A recommendation [for Cisco would be], if they can come up with some deployment process—I understand that's not the priority of the tool itself—but if that can be done, that will be good. 

But if a company already has a deployment solution that can be used to deploy the software across other computers, then the transition is pretty easy.

Honestly, [the deployment] is a one-man show. That is also a really good point about it because it can be done by one person all the way. It does not take too many people for you to get the ball rolling, which is a great part. And that really helps us because one person can handle the whole process.

I'm a senior network engineer with a security background, so I do know what I needed. But a senior help desk engineer can also get this thing done. You don't have to be a senior network engineer or [have] any higher degree in software to understand the product. That is really good about it. Any new person who is just trying to get into the field can learn about it and get going with this process pretty quickly.

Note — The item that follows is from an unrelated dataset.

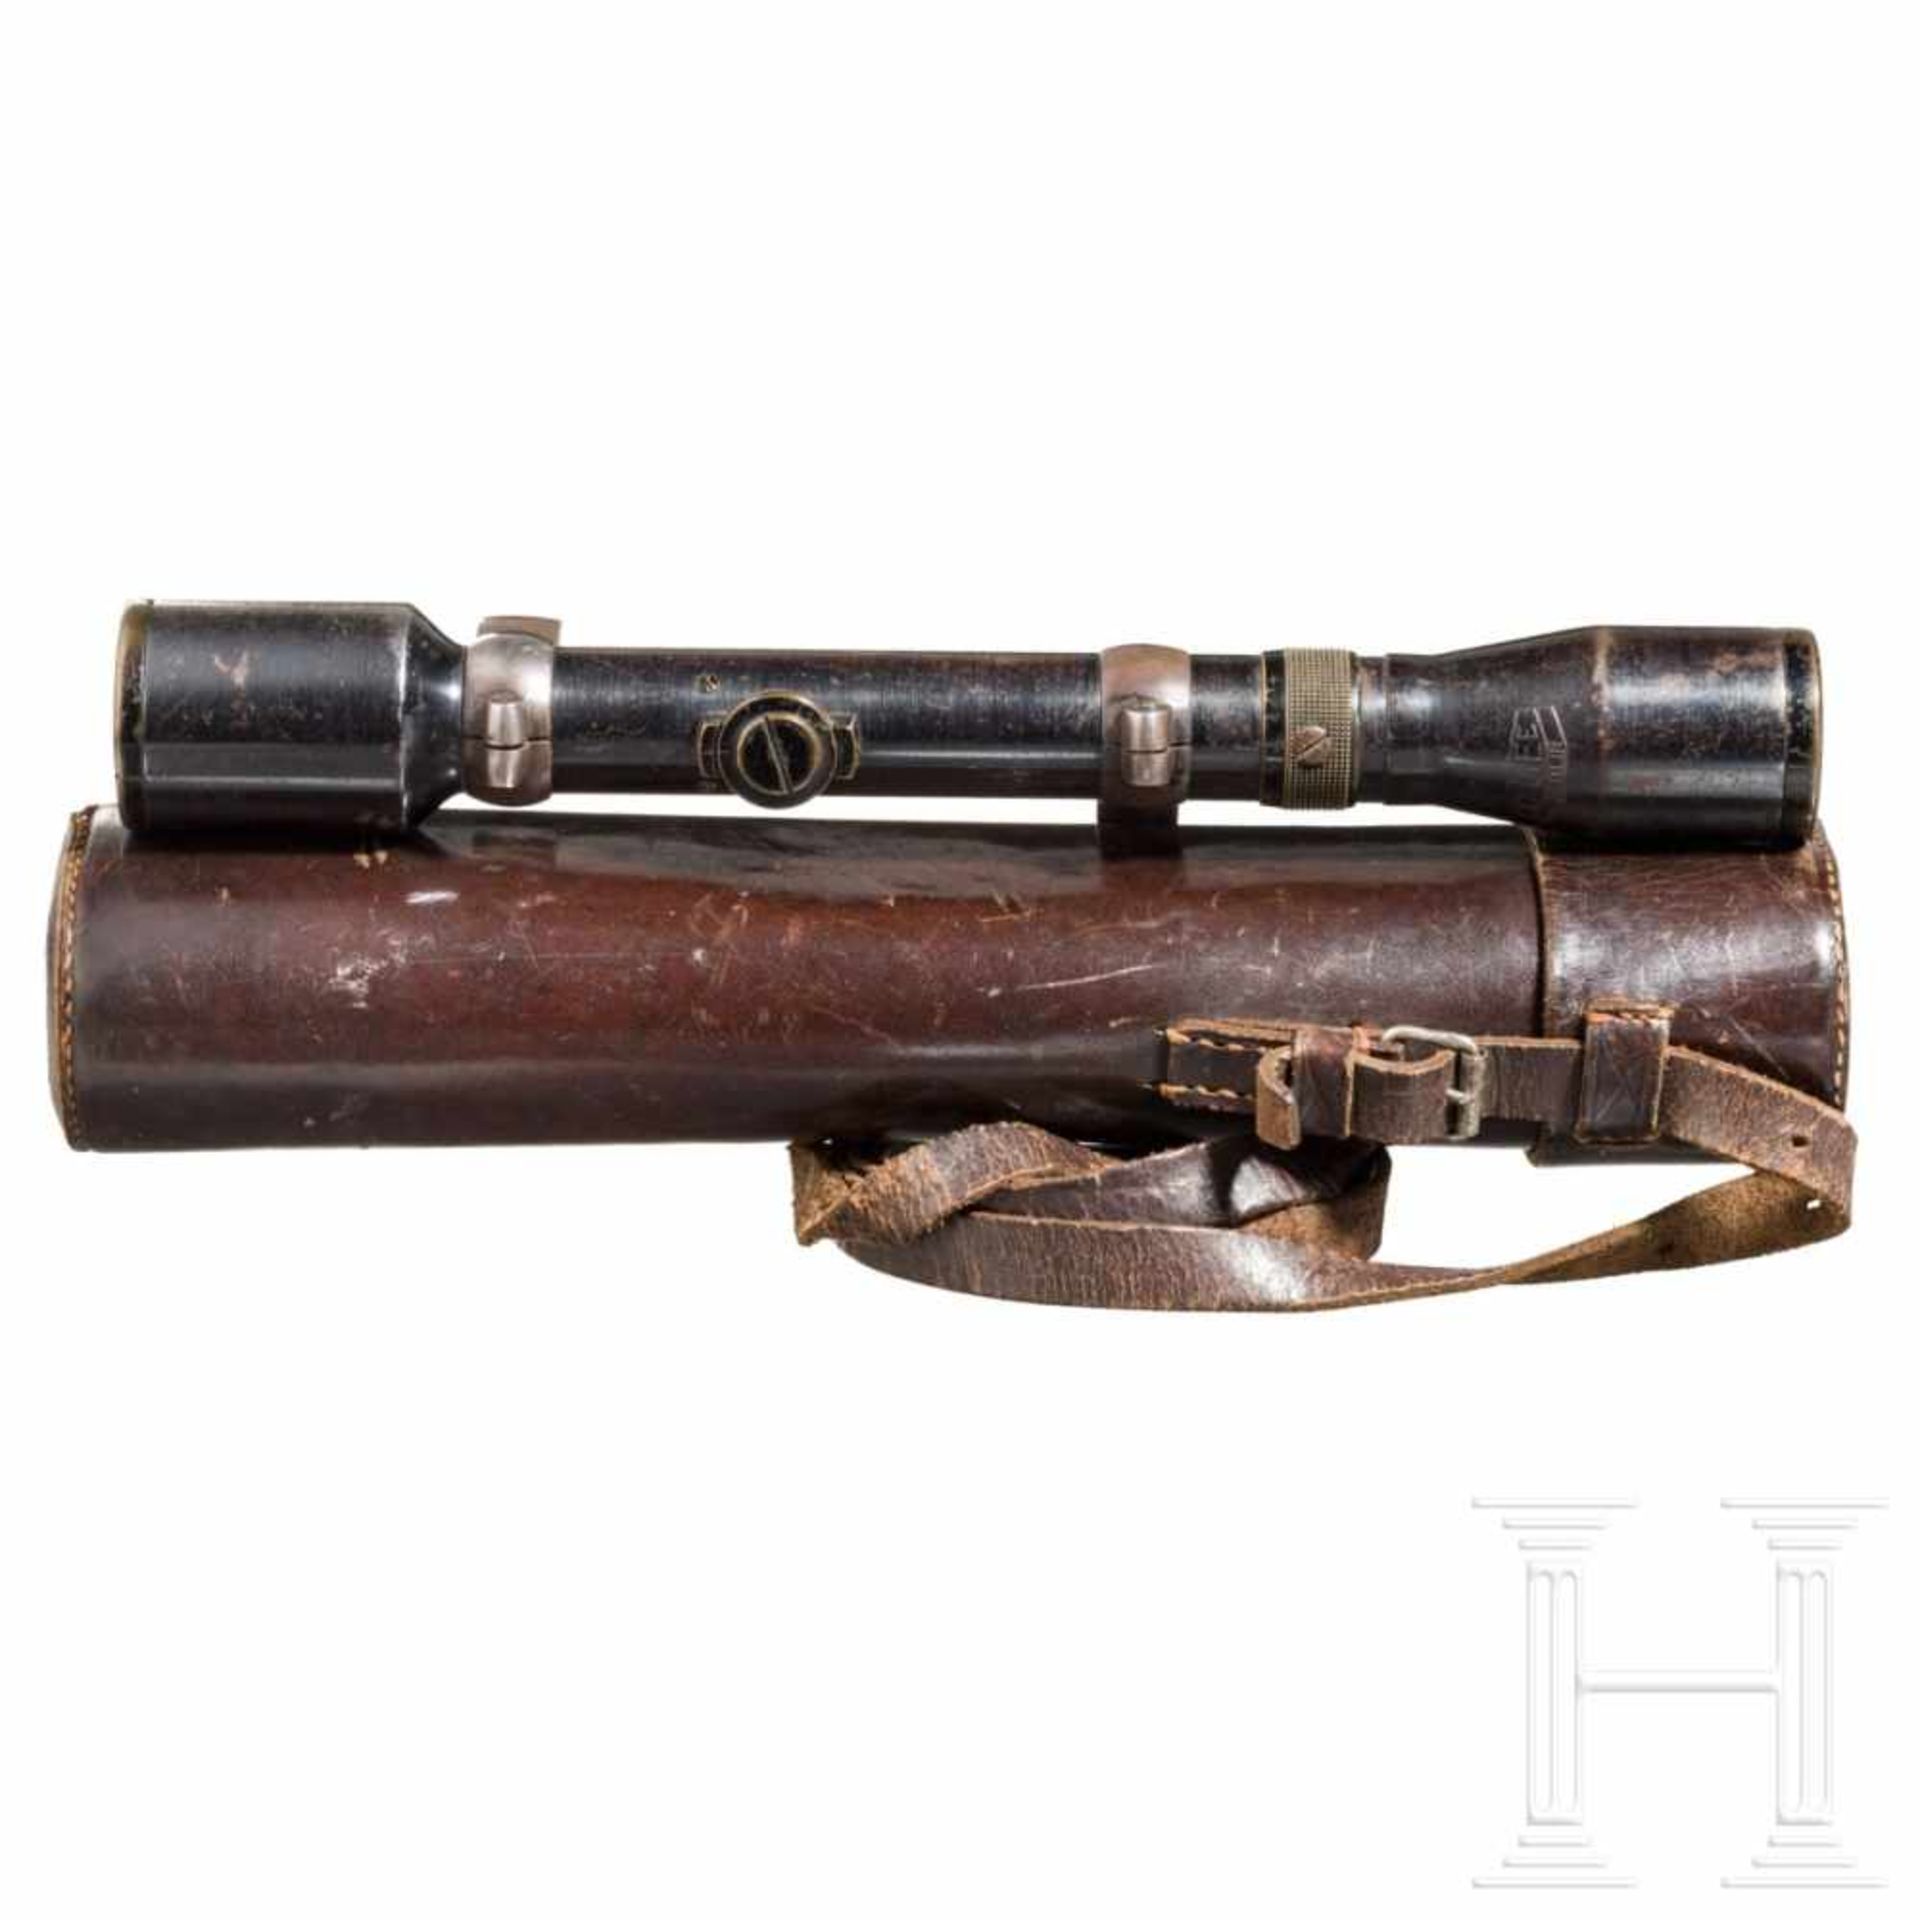 Rifle scope OIGEE Luxor hell 4 x with quiverStahl, brüniert (berieben), Herstellerbezeichnung,
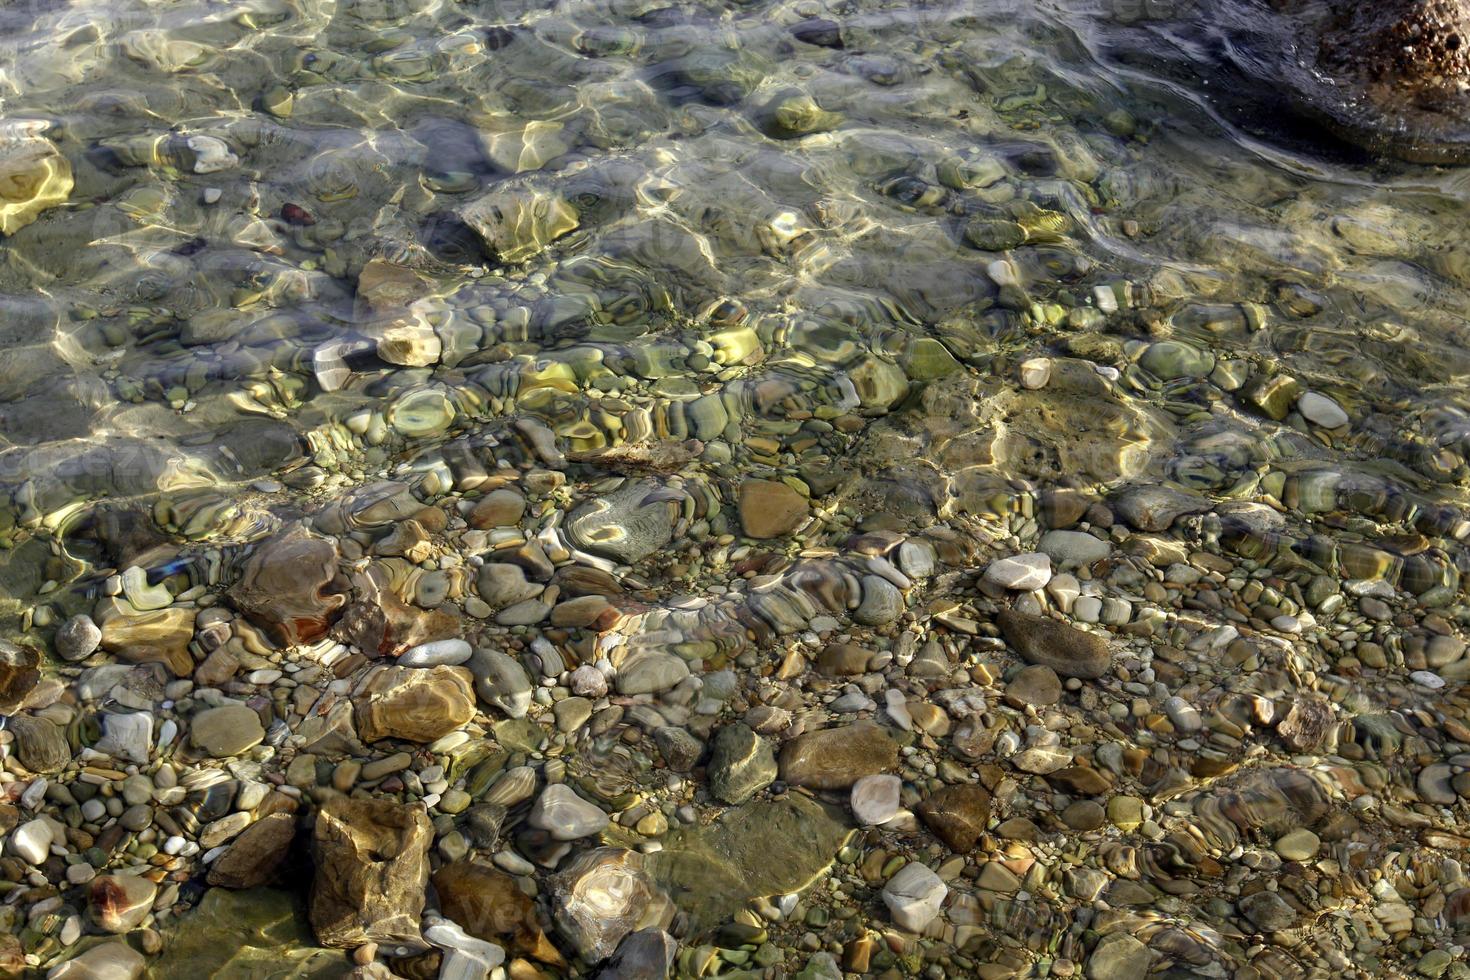 les pierres se trouvent sur les rives de la mer méditerranée. photo

It's pretty user-intuitive.

Because we do see the value of what it's bringing, I think they have priced it well. I understand we have to go through a different licensing process to get this solution, but at the end of the day, the headaches [associated with that], if you were to put it into some kind of a number, it's priced completely reasonably and well as a product. You cannot contemplate the amount of time it takes, sometimes, to fix a problem, and that's already too late. I feel the value of the software is reasonable for what it does.

We looked into McAfee back in the day, and Windows Defender, and all different [kinds of] antivirus software, but we end up landing on AMP because of that connectivity with the cloud and instant connection to other resources. That really helped as the driving force to select this as our tool.